Why are primaries so important for understanding who wins and whose interests are heard in government? One political party often dominates districts and states, so their primary races are more competitive than general elections. Harbridge-Yong’s research also points to a growing concern for U.S. democracy—that the much smaller groups of voters who turn out for primaries are likely skewing political representation in their favor. This is true in both safely partisan and competitive states.

“To the extent that this is a kind of fringe group of individuals who don’t represent the broader population, we might wonder about who they’re choosing for office, and whether those people ultimately represent the values and preferences and political style of the broader population,” Harbridge-Yong said.

As questions rise about the power of primary voters, Harbridge-Yong is studying how primary elections impact our electoral process and whether they are creating conflict in U.S. politics.

Are Primary Elections a Problem for Democracy?

When the primary electorate disagrees with the general electorate, legislators have incentives to appeal to primary voters. Harbridge-Yong, who has studied these incentives, says that this is problematic because legislators may be tailoring their platforms and messages to the views of a small number of voters over those of the larger constituency.
 
“If primary elections are making a really big difference to who is elected in office, either by determining what the choice is in the general or determining the winner in many of these safe states, it matters whose voices are being heard in this primary election,” Harbridge-Yong said.

This dynamic not only raises concerns about fair representation, but it also can eventually increase polarization and gridlock in Congress. Harbridge-Yong and her co-authors argue that legislators align with primary voters because they are often more unified in their policy preferences and care more about how their representative votes on those issues. 

“In a primary electorate, in most states, legislators are campaigning against people from their own party, so party ID is not a signal or a cue to voters, so voters instead need to rely on other things, such as what the legislators’ roll call voting was or what their issue positions are,” she said. “These positions are going to be more impactful in terms of how people vote.”

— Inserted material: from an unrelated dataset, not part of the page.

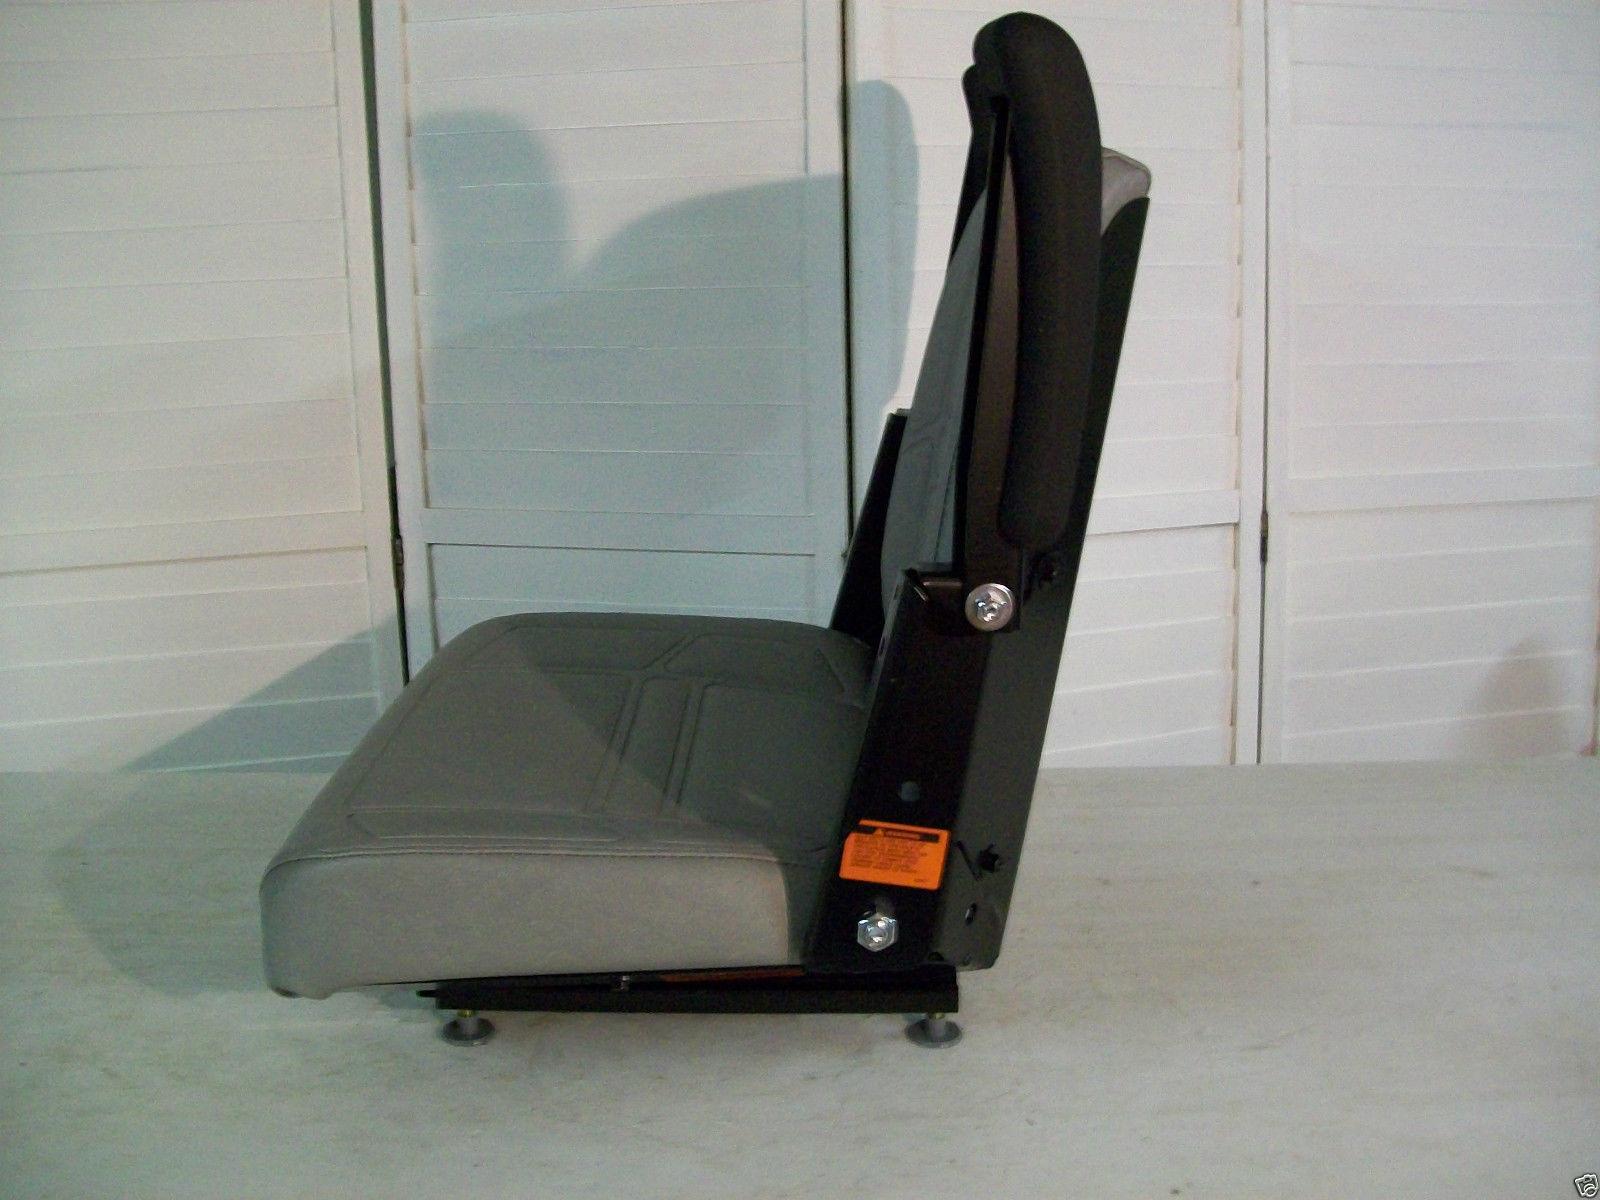 Zero Turn Mowers For Sale >> GRAY HIGH BACK SEAT BUNTON, BOBCAT, DIXIE, SNAPPER, TORO, EXMARK ZERO TURN MOWER #LN - Seat ...

Harbridge-Yong’s surveys in California, Michigan, and Nevada in 2024 also show some important differences between likely primary voters and the broader population of the state. Compared to the general population, primary voters are more ideologically extreme and more likely to see the other party as a threat to the U.S. They also have higher affective polarization, which refers to the gap between how much they like their own party and how much they dislike the other party.

When she compared likely primary voters to likely general election voters, she found the same results, except that primary voters are no more prone to see the other side as a threat than general election voters. One reassuring finding, she says, is that primary voters were not more supportive of undemocratic practices than the average American or general election voters.

 Can Election Reforms Make Primaries Fairer?

To bring in a more representative group of voters earlier in races, some states have turned to nonpartisan primary elections, or elections where all candidates are listed on the ballot and voters can pick regardless of the candidate's party affiliation.

Harbridge-Yong studied these election reforms in Alaska and California. While the California results are still preliminary, her research looking at Alaska’s 2022 top-four primary shows that the election reforms likely benefited moderate candidates and encouraged more nonpartisan voters to participate in 2022 versus in 2020. 

Across statewide and state legislative races, they estimate that at least six moderate candidates who would have lost in the old system emerged from the top-four primary and won the general election under the new system. In the race for U.S. senator, crossover voting—voting in another party’s primary—allowed voters from the other party to support the moderate candidate. This helped Republican Lisa Murkowski perform better than Democratic candidates and her co-partisan rival Kelly Tshibaka, who was endorsed by President Trump.

“It actually may be that these lopsided districts or states where one party is pretty dominant and the other party knows they’re the district-wide or statewide minority—that’s where the nonpartisan primary might have the most bang for your buck,” Harbridge-Yong explained.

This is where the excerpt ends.